No worries. Stocks with a smaller market cap have different obligations such as wider spreads, only have to quote 60% of the time ect.....

Once I called up a market maker for an FMG series that I couldn't get a quote on....This is how it went:

MM: "which option did you want?"
Me: "FMGxx"
MM: "Buying or selling"
Me:  "Selling"
MM: "4c"

I was like What the??....Knowing that was well away from market, so I turned it around

Me: "Sorry mate I mean buying"
MM: "19.5c"

4c/19.5c.... 

If there was a takeover at a certain level or something of that nature then it is excusable.... but this is jsut criminal.


----------



## skyQuake (25 May 2009)

If you're really desperate for oppies, but the spread is huge, have a look at warrants. Their spread is generally very tight; but incredibly overpriced. Good for a few days trade at the best.


----------



## alphaman (25 May 2009)

FMG is a Flex option isn't it?  My understanding is that with flex options they don't even have the obligation to provide quotes. 
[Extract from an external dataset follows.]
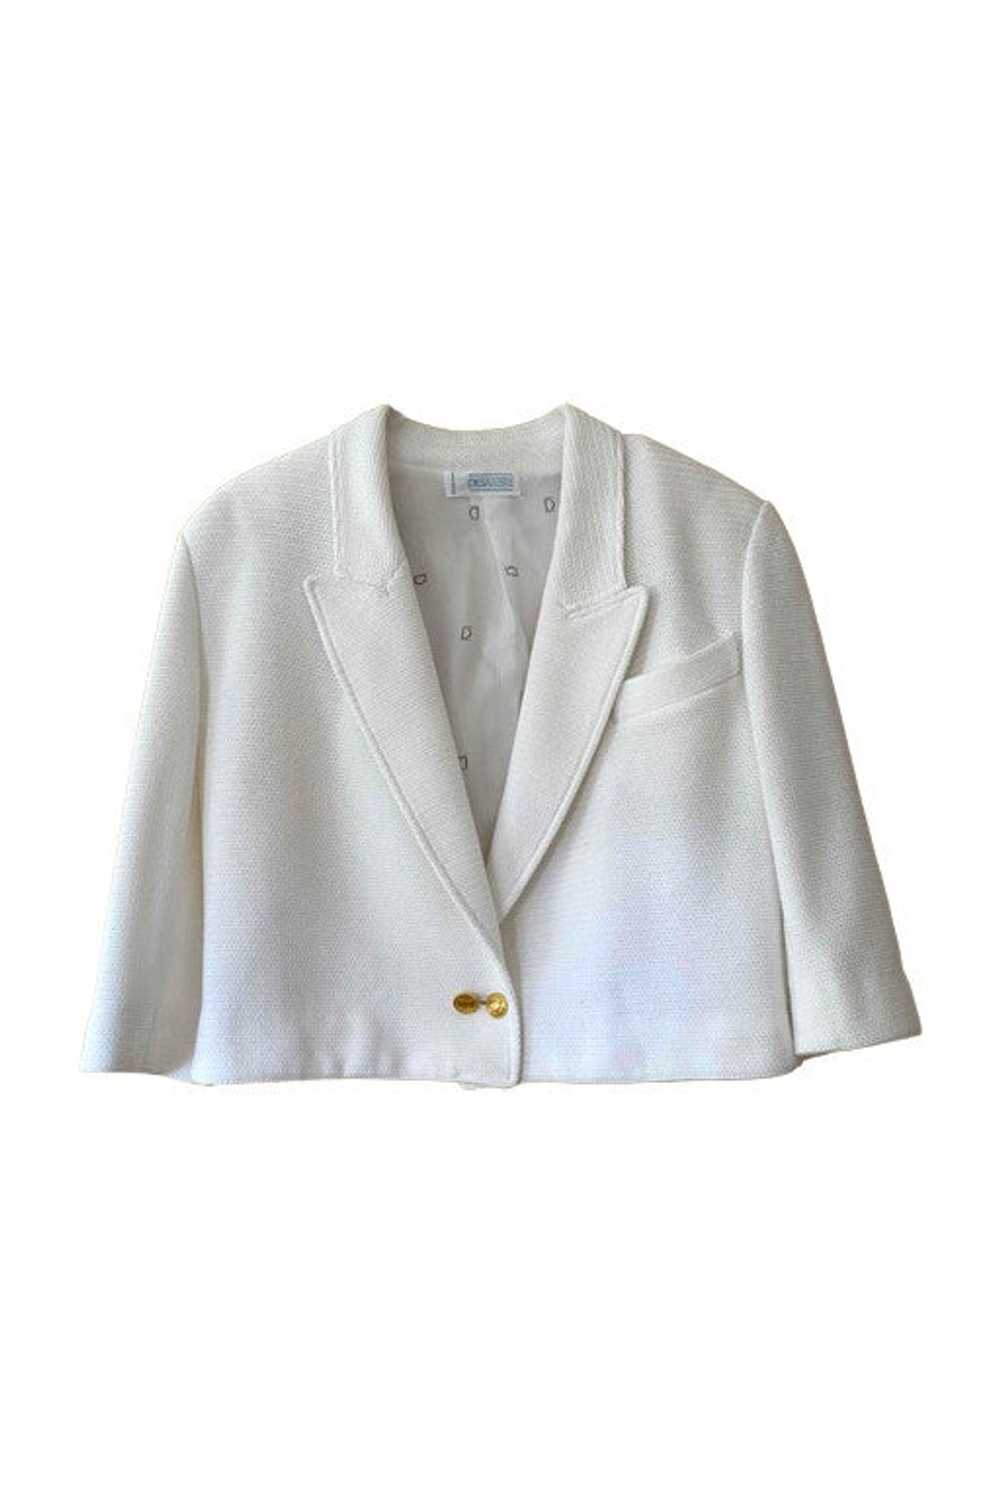 90's short jacket - Beautiful white blazer - image 1

Just trade the US options. You'll forget about ASX very quickly.


----------



## rossw (25 May 2009)

cooper1308 said:


> I think a bit of both... Majority of it is automated however there are still traders watching the book.
> 
> From what I understand TimberHill & Optiver are more weighted towards automation. IMC, Tibra, Liquid ect all have a little more human intervention.




where you'd get that info?


----------